The days make up the life; what once appeared too high and too great to attain is given to the soul that was content to take and use ‘‘enough for the day, as prescribed for each day’’ (Ezra 3:4 NIV). Even here on earth the voice is heard: ‘‘Well done, good and faithful servant; you have been faithful over a few things, I will make you ruler over many things. Enter into the joy of your master’’ (Matthew 25:23). Our daily life becomes a wonderful interchange of God’s daily grace and our daily praise: ‘‘Who daily loads us with His benefits’’ (Psalm 68:19); ‘‘that I may daily perform my vows’’ (Psalm 61:8). God’s reason for daily giving is understood as we see how He gives only enough but also fully enough for each day.

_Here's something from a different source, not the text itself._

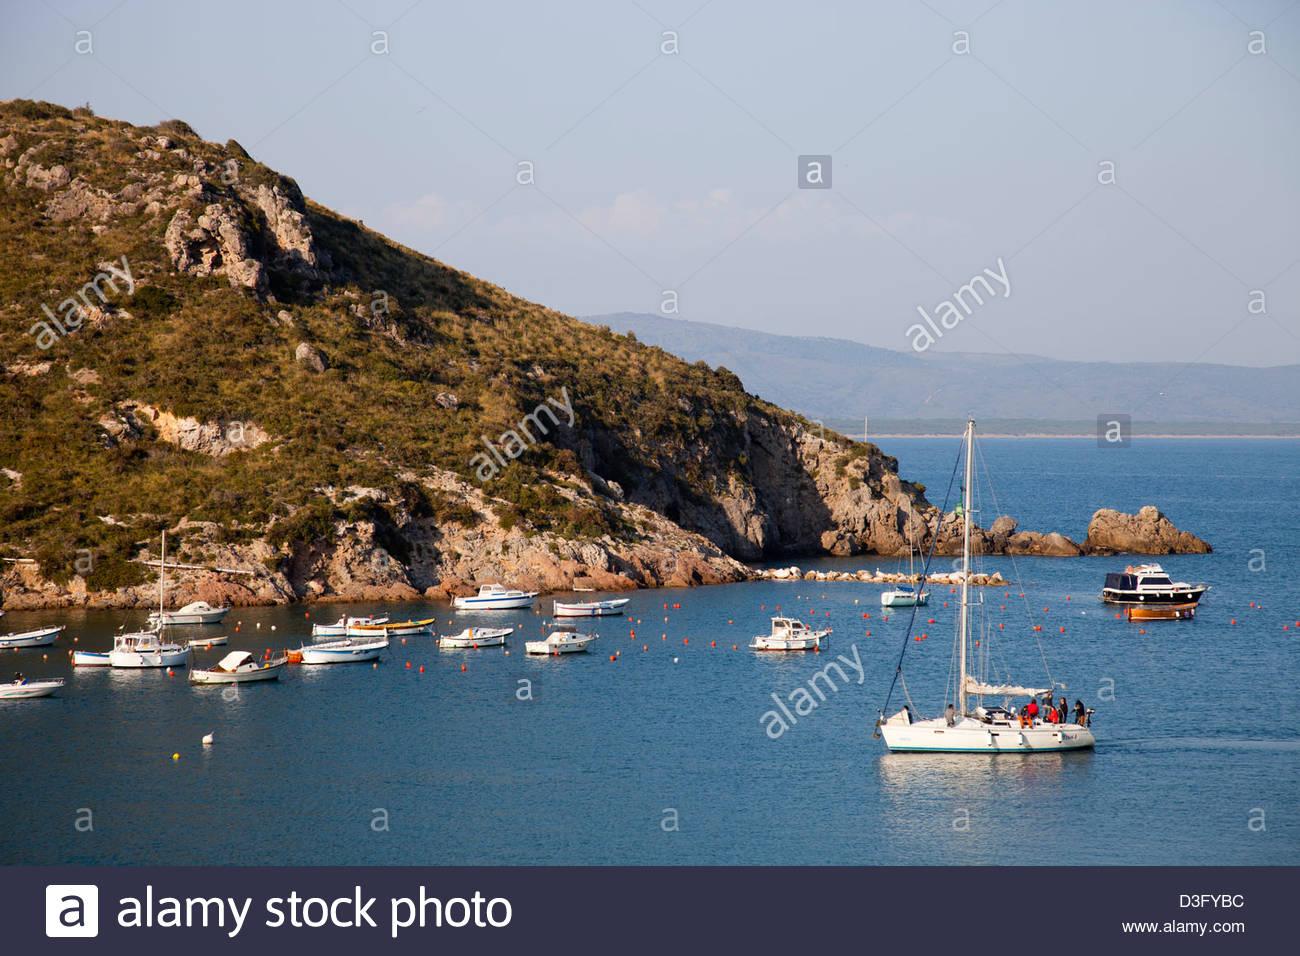 porto ercole,argentario peninsula,tuscany,italy - Stock Image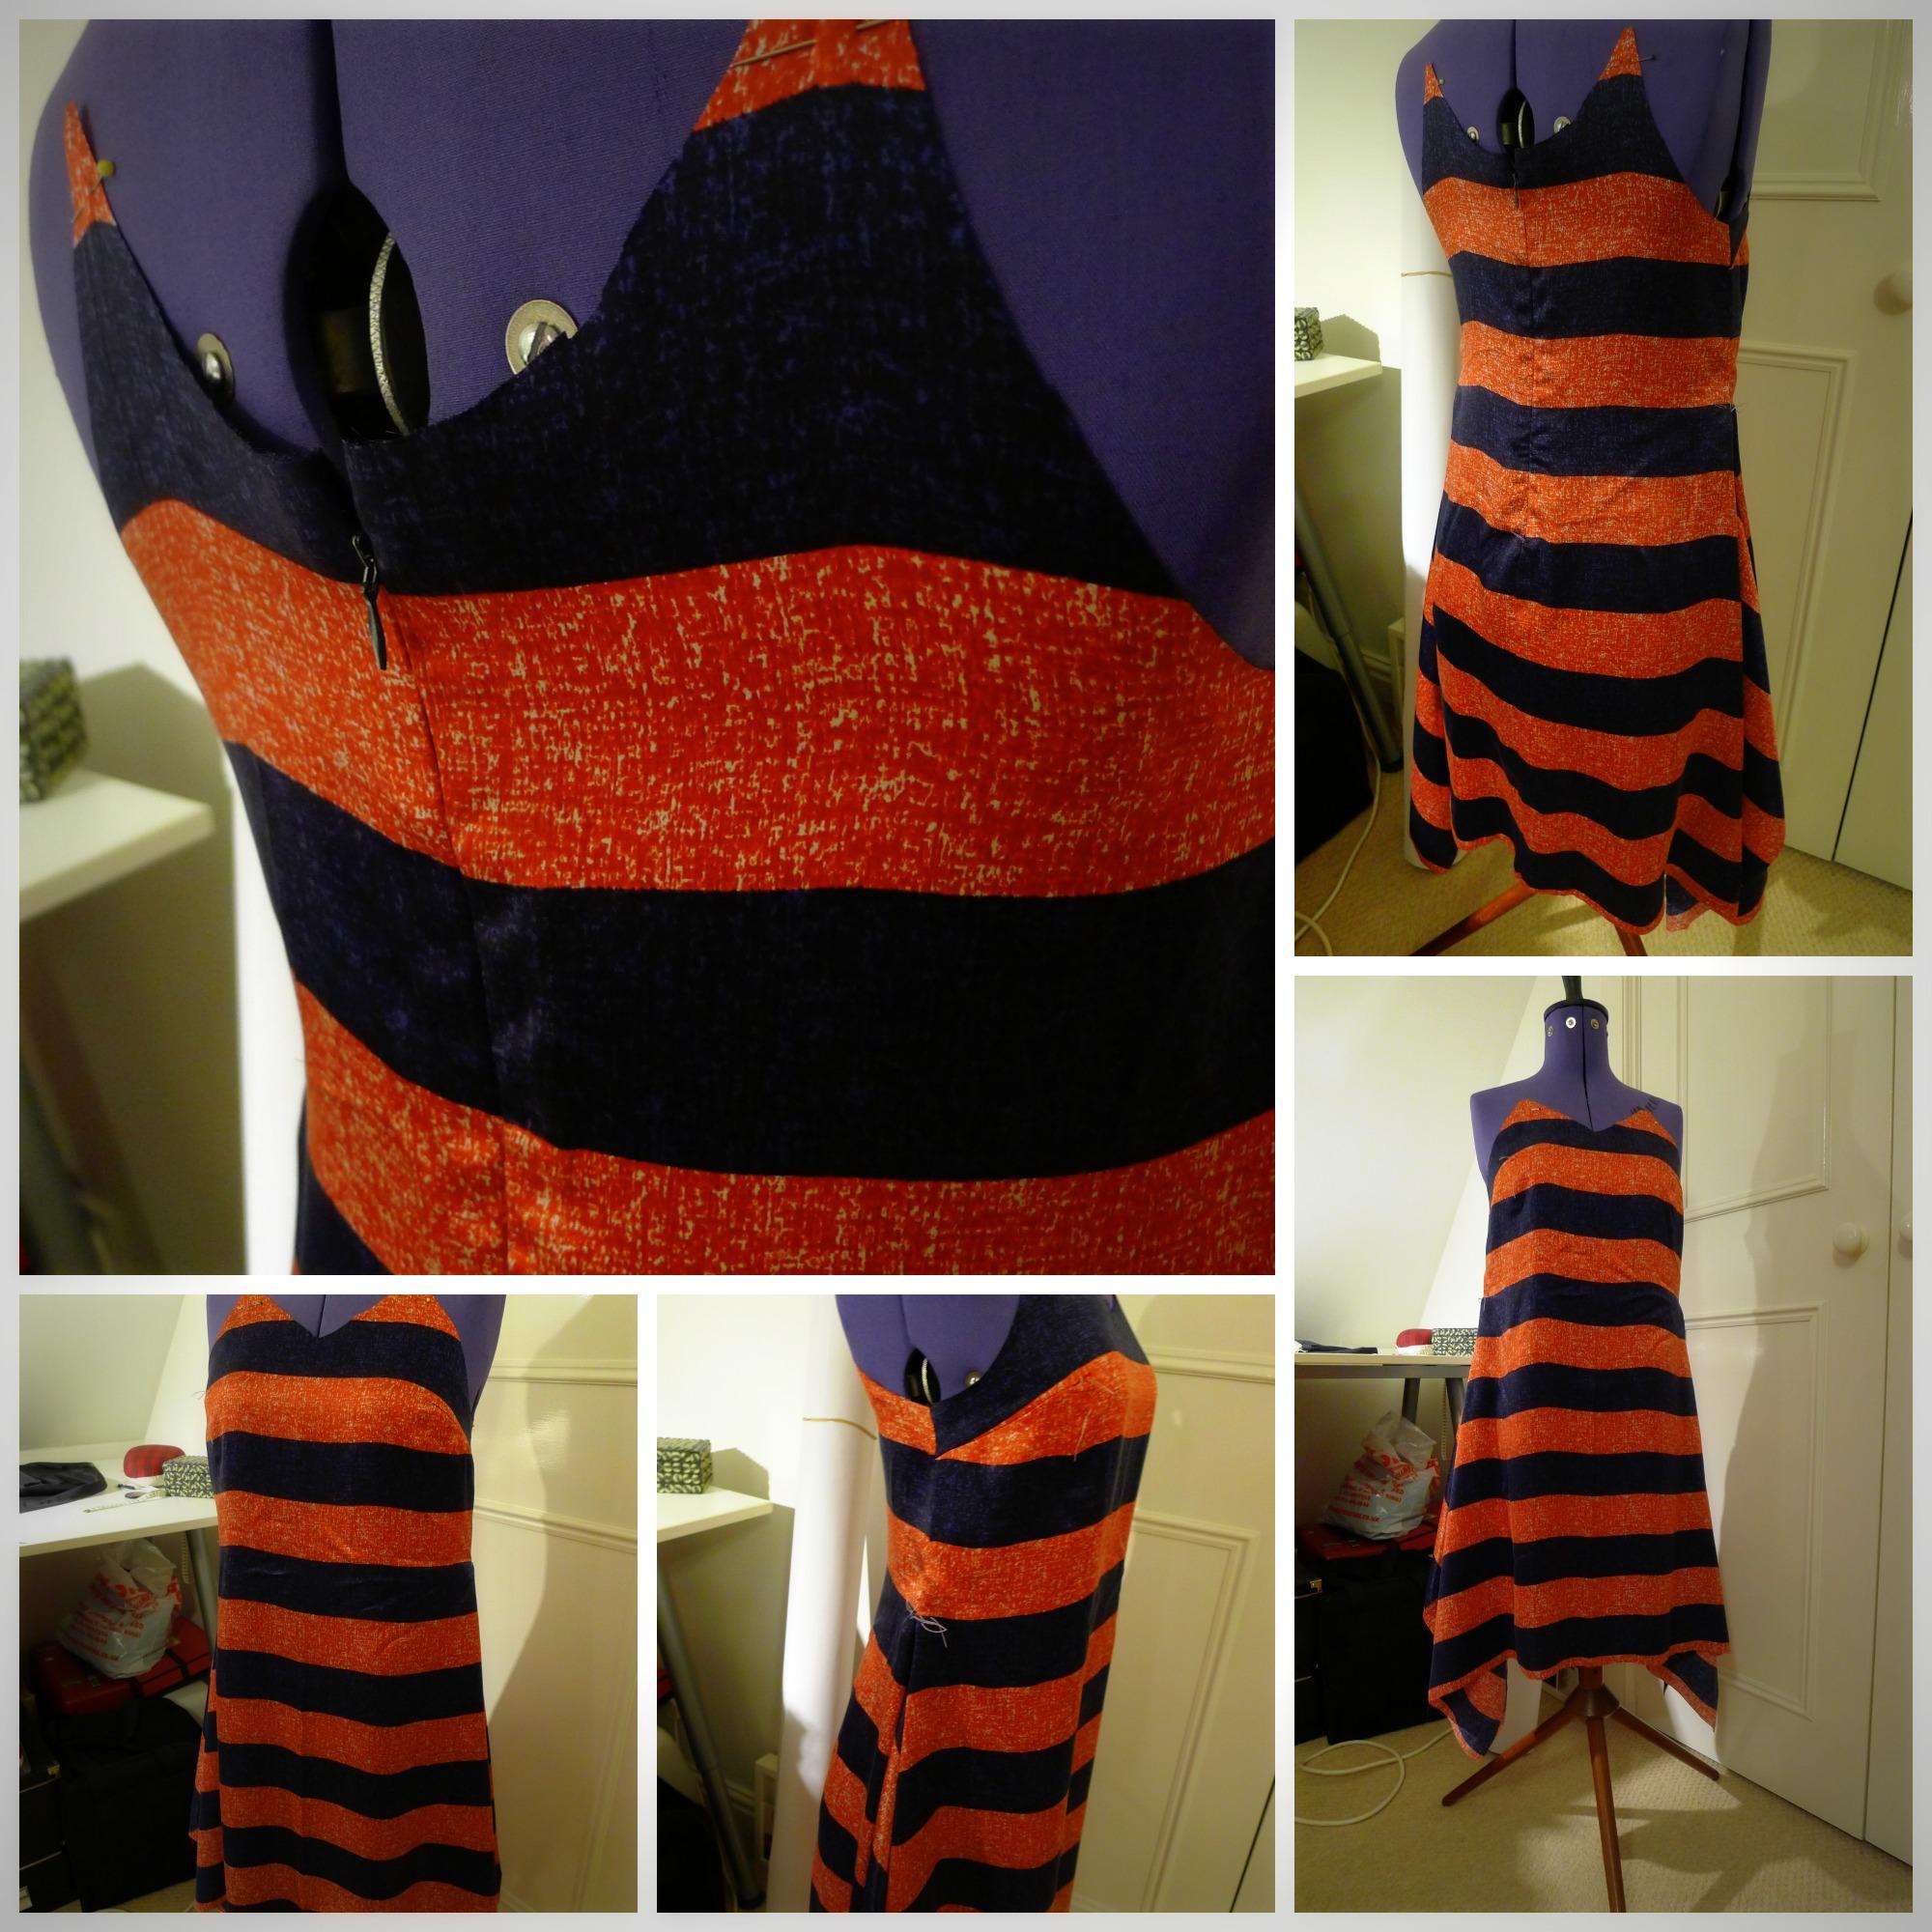 Collage handerchief dress

We are encouraged to adopt His way, the way of daily asking and expecting. We begin to number our days not from the sun’s rising over the world, or by the work we do or the food we eat, but by the daily renewal of the miracle of the manna—the blessing of daily fellowship with Him who is the Life and the Light of the world. The heavenly life is as unbroken and continuous as the earthly; abiding in Christ each day brings to that day sufficient blessing. And so we learn to abide in Him every day, all through the day.
Lord, help us to see that this is enough—for today and every day to come.